Anyone who thinks sport and politics shouldn’t mix has clearly never attended their local cricket club’s annual general meeting.
Sydney to Hobart stalwart and SHK Scallywag skipper David Witt has hit out at a rule that could result in boats being disqualified.
Witt has warned some boat owners might leave the sport if Sydney to Hobart yachts are disqualified due to a rule he says is outrageous and shows no common sense.
The normally laconic veteran fired up on Tuesday over the lack of communication options for boats reporting from Green Cape on the far south coast of NSW.
At other reporting points during the race the fleet will have the option of using a satellite phone.

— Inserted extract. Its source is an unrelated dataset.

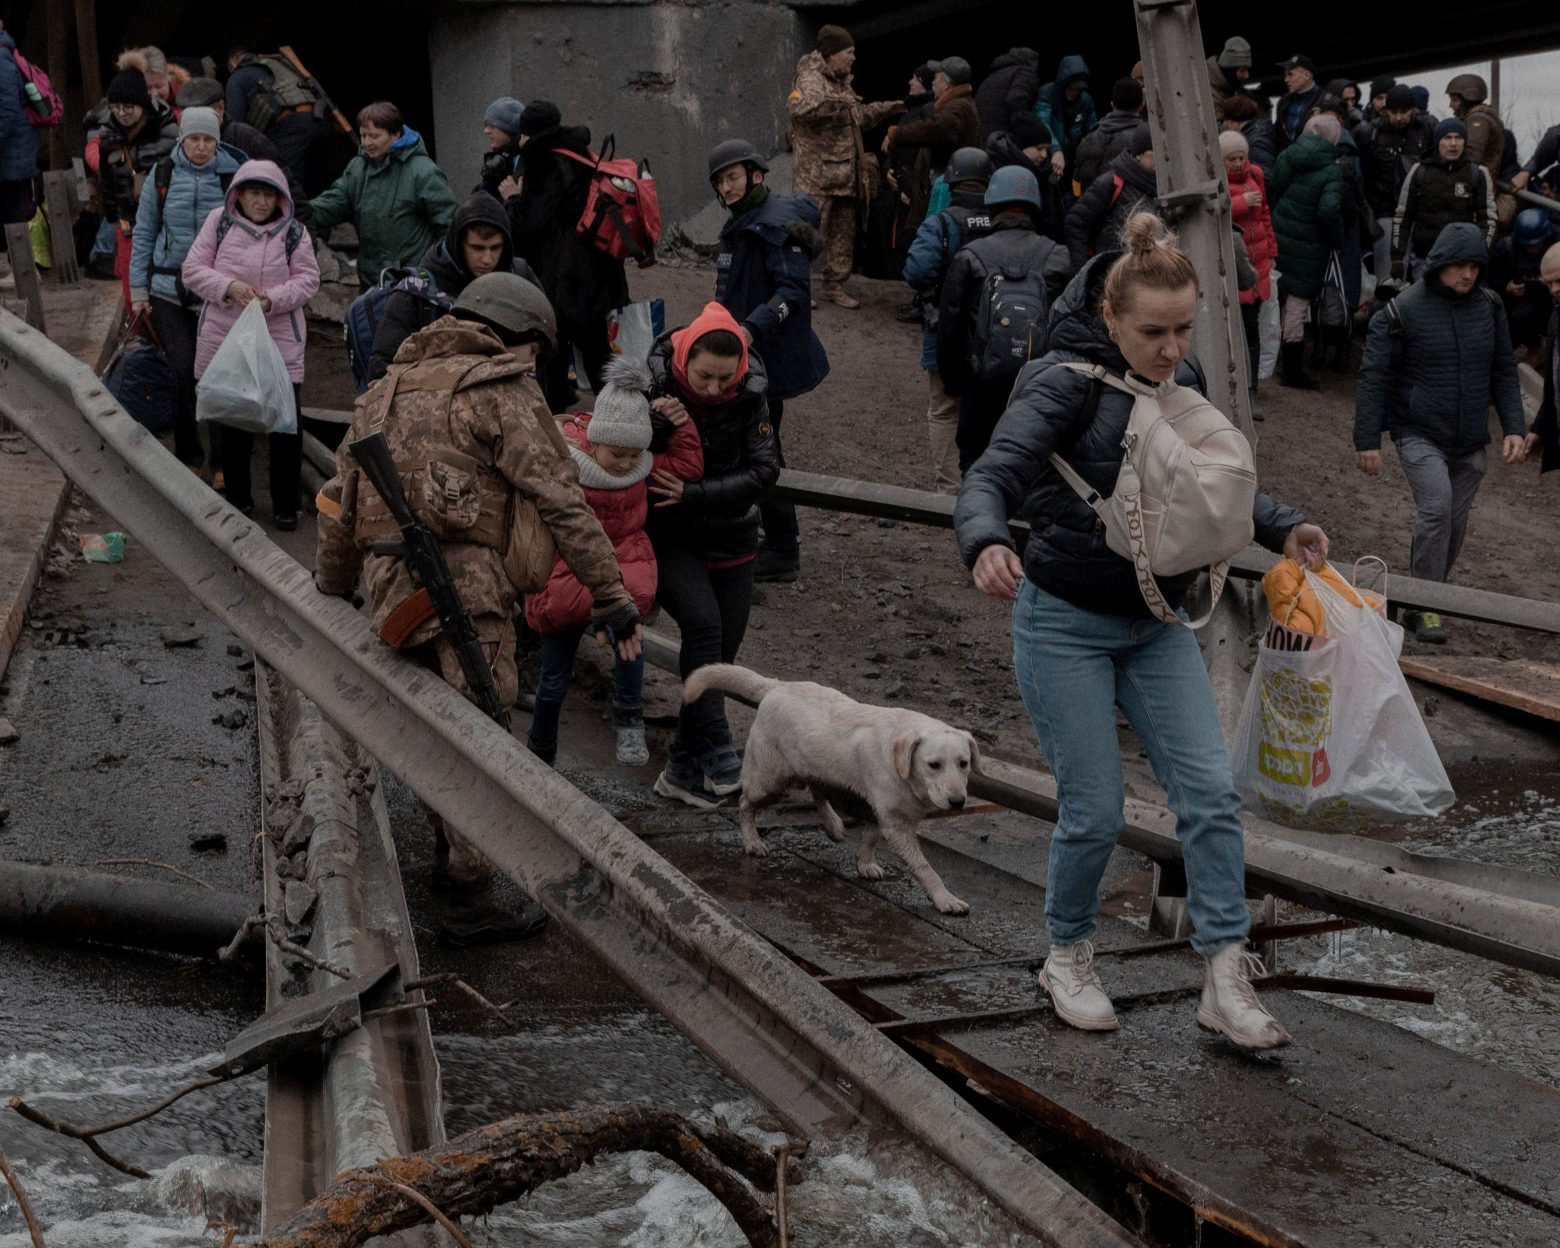 Ουκρανία: Περισσότεροι από 1,5 εκατομμύριο πρόσφυγες έχουν εγκαταλείψει τη χώρα, σύμφωνα με τον ΟΗΕ

However, at Green Cape they can only use the High Frequency (HF) Single Sideband (SSB), otherwise they will be disqualified.
Witt said bushfire smoke across NSW had affected the HF SSB system.
“We put a letter in (to the race committee) asking whether if the was a problem with the SSB signal and if you can’t get through, if you’re allowed to use the sat phone because we all carry them,”‘ Witt said.
“But apparently we’re still in the 1930s not 2019 and that got rejected.
“I think that’s a pretty harsh penalty in the race. It’s a disqualification if you can’t get through on the SSB.”
Witt’s supermaxi has come from Hong Kong.
He felt the cost of racing boats, especially those from overseas, would make owners less inclined to race them if yachts were disqualified under the existing rule.
“I just find it outrageous given the smoke is affecting the Single Band radio signal,” Witt said.
“Charleville Radio has already written to us and told us it’s a problem.
“Why we can’t just use technology we’ve got there as a backup, rather than be disqualified out of the race?
“People get disqualified out of this race you’ll find an owner not want to spend any more money in the sport so it’s completely counter productive and in my opinion just zero common sense.”
Cruising Yacht Club of Australia commodore Paul Billingham said the rule was there for a good reason.
“It’s a safety precaution; they need to radio in on HF at Green Cape,” Commodore Billingham told AAP.
“There’s a particular reason why we do the HF and that’s because of stability and if there are emergency issues in Bass Strait you need to have that form of communication. It’s very very important.
“Satellite phones are there, they are a useful aid to have as well but at the moment we’re staying with HF.”